Re: Thai Letters and Unicode Extended Grapheme Clusters

Postby Jim Monty » Tue Jul 29, 2014 3:42 am

Thank you again for your detailed response, Don.

Here's the original Thai phrase from which I excerpted the Unicode grapheme cluster เพื่:

    ทั้งนี้เพื่อเป็นการปกป้องการรักษาความลับและข้อ

(N.B. เพื่ is two successive Unicode grapheme clusters.)

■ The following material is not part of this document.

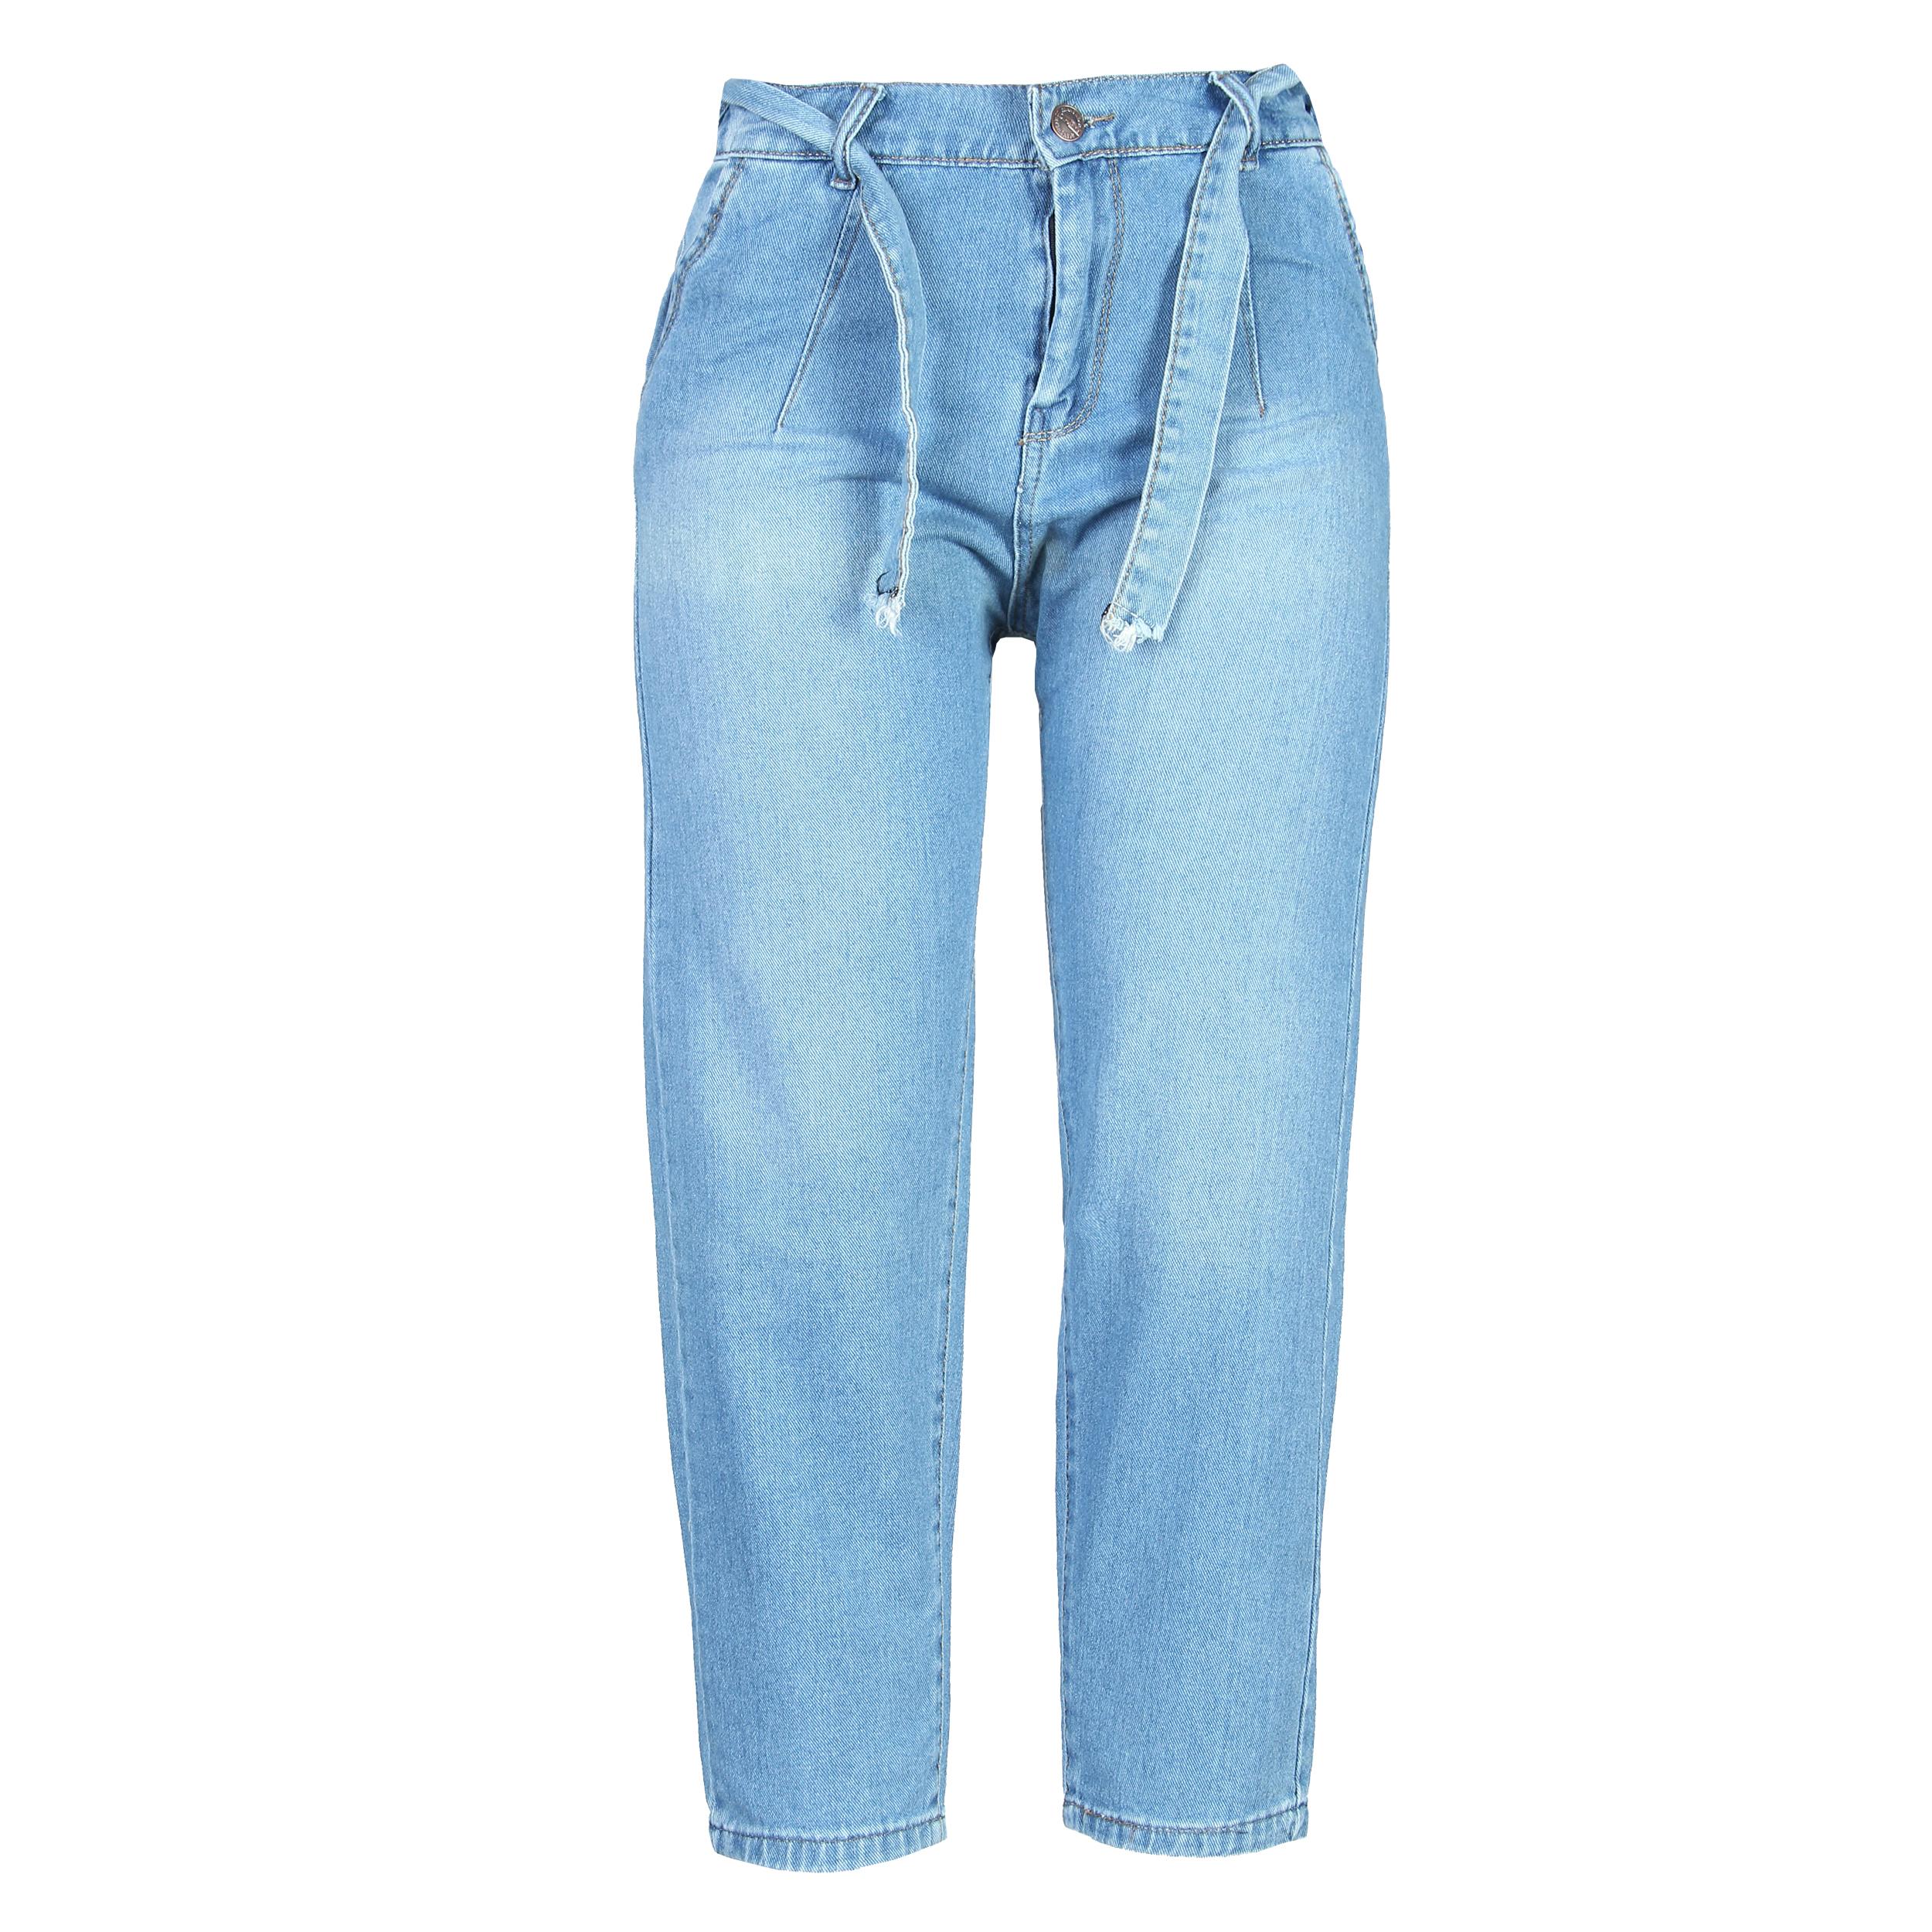 شلوار جین زنانه مدل مام اسمایل کد 10000243

This phrase consists of 40 Unicode code points. Here are the results of segmenting this string of 40 Unicode code points into 24 grapheme clusters according to Unicode Standard Annex #29: Unicode Text Segmentation:

    ทั้ 3 U+0E17 THAI CHARACTER THO THAHAN, U+0E31 THAI CHARACTER MAI HAN-AKAT, U+0E49 THAI CHARACTER MAI THO
    1 U+0E07 THAI CHARACTER NGO NGU
    นี้ 3 U+0E19 THAI CHARACTER NO NU, U+0E35 THAI CHARACTER SARA II, U+0E49 THAI CHARACTER MAI THO
    เพื่ 4 U+0E40 THAI CHARACTER SARA E, U+0E1E THAI CHARACTER PHO PHAN, U+0E37 THAI CHARACTER SARA UEE, U+0E48 THAI CHARACTER MAI EK
    1 U+0E2D THAI CHARACTER O ANG
    เป็ 3 U+0E40 THAI CHARACTER SARA E, U+0E1B THAI CHARACTER PO PLA, U+0E47 THAI CHARACTER MAITAIKHU
    1 U+0E19 THAI CHARACTER NO NU
    กา 2 U+0E01 THAI CHARACTER KO KAI, U+0E32 THAI CHARACTER SARA AA
    1 U+0E23 THAI CHARACTER RO RUA
    1 U+0E1B THAI CHARACTER PO PLA
    1 U+0E01 THAI CHARACTER KO KAI
    ป้ 2 U+0E1B THAI CHARACTER PO PLA, U+0E49 THAI CHARACTER MAI THO
    1 U+0E2D THAI CHARACTER O ANG
    1 U+0E07 THAI CHARACTER NGO NGU
    กา 2 U+0E01 THAI CHARACTER KO KAI, U+0E32 THAI CHARACTER SARA AA
    1 U+0E23 THAI CHARACTER RO RUA
    รั 2 U+0E23 THAI CHARACTER RO RUA, U+0E31 THAI CHARACTER MAI HAN-AKAT
    1 U+0E01 THAI CHARACTER KO KAI
    ษา 2 U+0E29 THAI CHARACTER SO RUSI, U+0E32 THAI CHARACTER SARA AA
    1 U+0E04 THAI CHARACTER KHO KHWAI
    วา 2 U+0E27 THAI CHARACTER WO WAEN, U+0E32 THAI CHARACTER SARA AA
    1 U+0E21 THAI CHARACTER MO MA
    ลั 2 U+0E25 THAI CHARACTER LO LING, U+0E31 THAI CHARACTER MAI HAN-AKAT
    1 U+0E1A THAI CHARACTER BO BAIMAI


My question is simply this: Are these 24 things Thai letters? If they're not letters, then what are they, and why does Unicode segment the text this way rather than into Thai letters?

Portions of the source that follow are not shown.